Parents’ Facebook ruse halts kidnap of their daughter

Online relationship with teen girl alleged

A Spokane father who discovered his 15-year-old daughter was being wooed by a man twice her age took matters into his own hands.

After hatching a Facebook ruse that drew the 30-year-old Federal Way, Wash., man to Spokane earlier this month, the father and a couple of his buddies staked out the arranged meeting spot, then blocked the man’s escape until police arrived and took him into custody.

The suspect, identified in court documents as Jason D. Richards, now faces charges in Spokane County Superior Court of child rape and attempted kidnapping. Arraignment is set for today.

The improper relationship, which began in April through a Facebook dating application called “Are You Interested,” was discovered earlier this month by the parents, court records show. Richards and the girl exchanged “hundreds” of Facebook messages and also communicated via YouTube. They met face-to-face in May and quickly made plans to elope and erase all digital traces of their connection.

Because it’s the policy of The Spokesman-Review to avoid identifying victims of sex crimes, the names of the girl and her parents are being withheld from this article.

Richards allegedly acknowledged to investigators he knew the girl was underage when he had sex with her during his May 18 trip to Spokane. He reportedly gave the girl an engagement ring, and the two had discussed her running away from home and changing her name and appearance to live with him in Western Washington.

When the girl’s parents discovered the relationship on June 7, they took their daughter’s computer and locked her out of her Facebook account. The mother then continued to message Richards, posing as her daughter, and convinced him to go through with the runaway plan that evening.
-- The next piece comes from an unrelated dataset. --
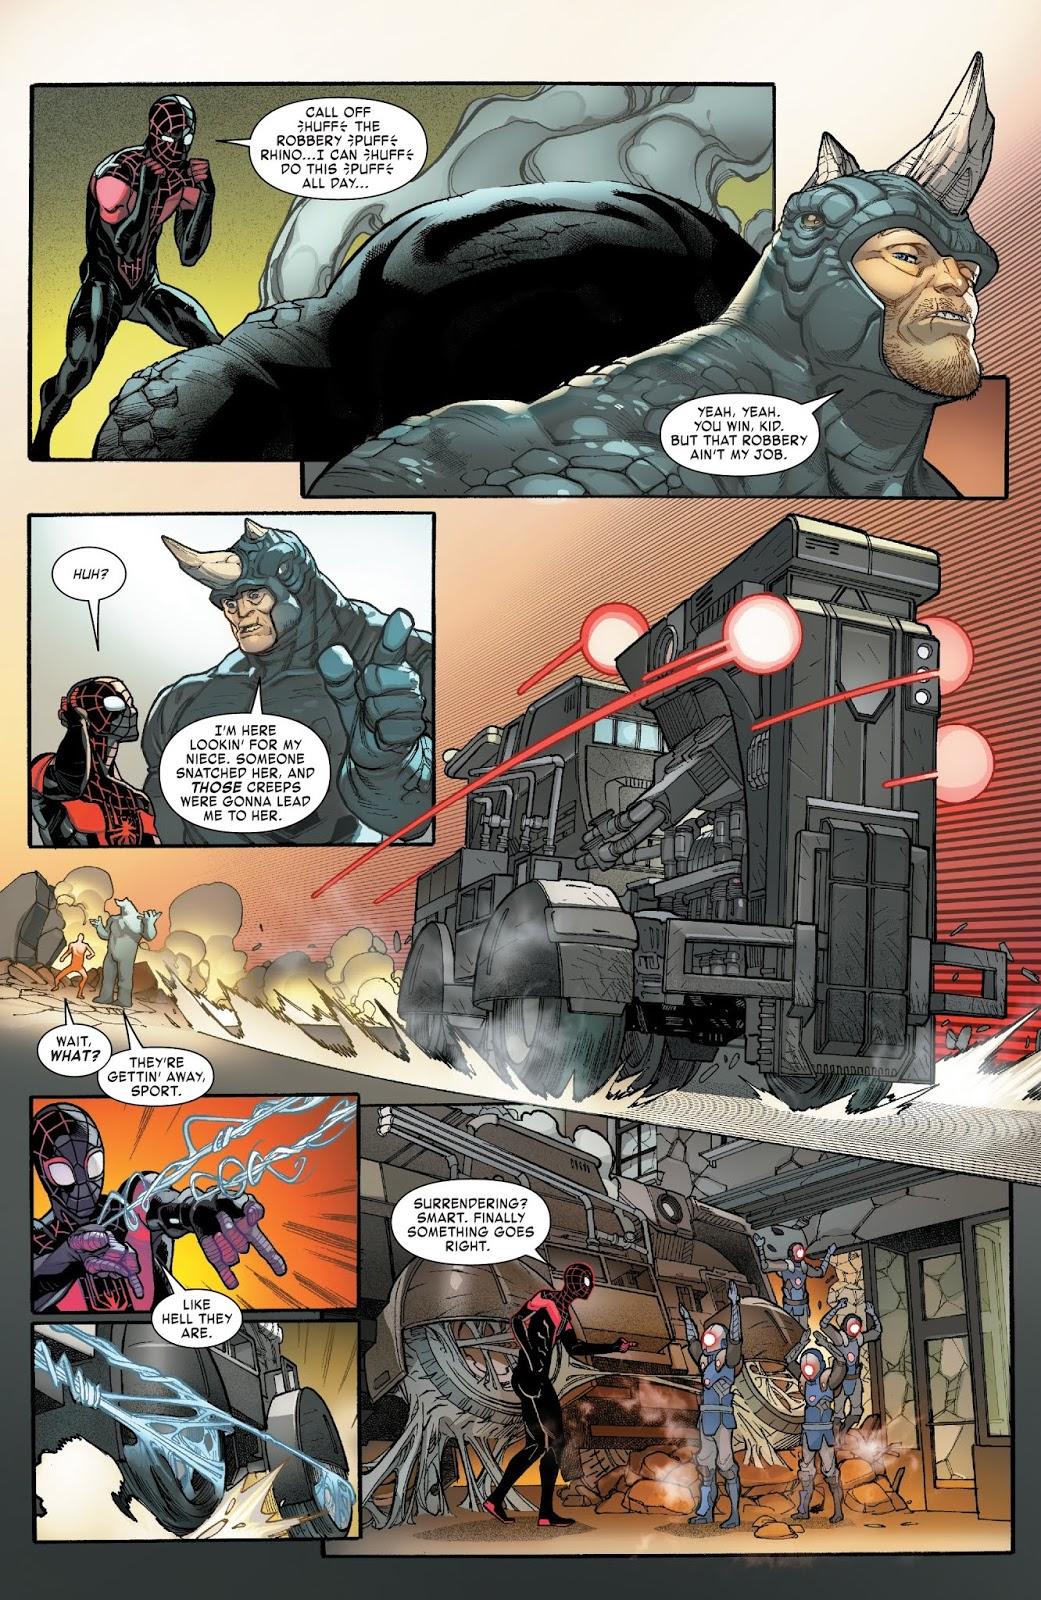 Spider-Man Miles Morales VS The Rhino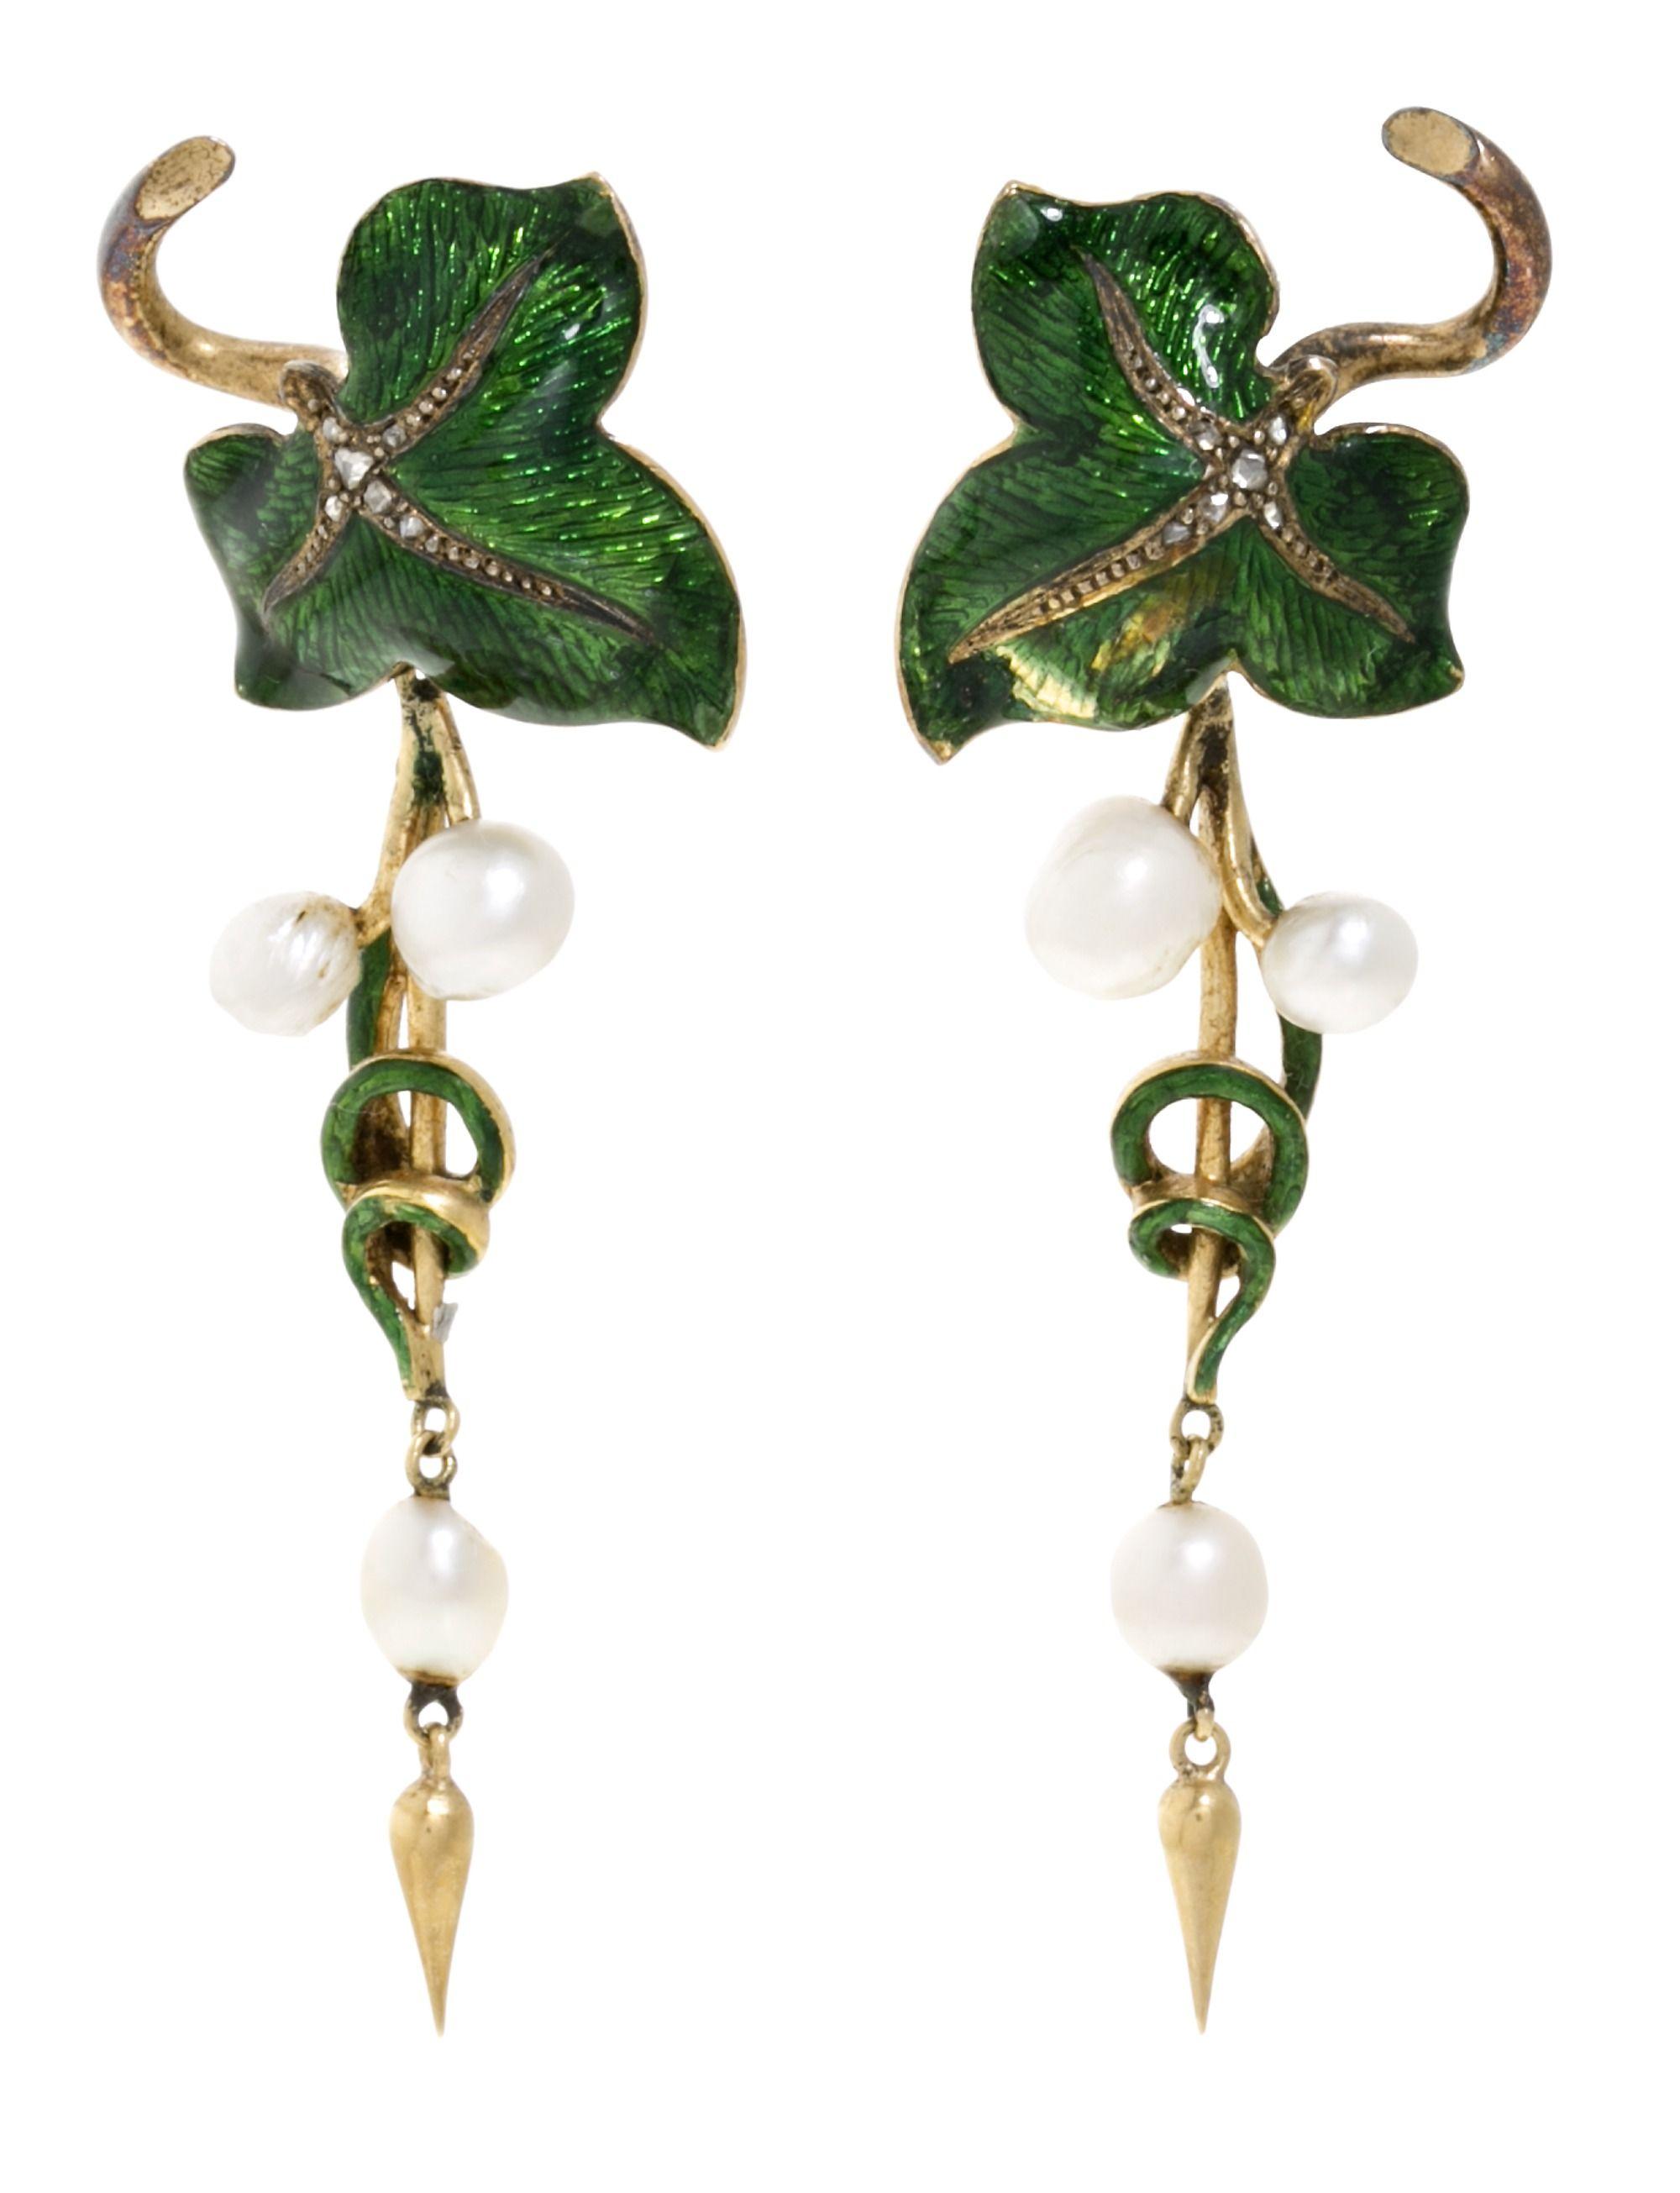 Crazy big savings on stunning jewelry at jewelrydealsnow

When Richards arrived at the family’s south-central Spokane home in the early hours of June 8, the girl’s father and two of his friends were waiting for him in an alley behind the house. They detained Richards until police could arrive.

Richards’ bond was set at $100,000 by Superior Court Judge James Triplet last week. According to a Facebook profile that police have linked to Richards, he worked as a coffee distributor for several years after graduating from college in California.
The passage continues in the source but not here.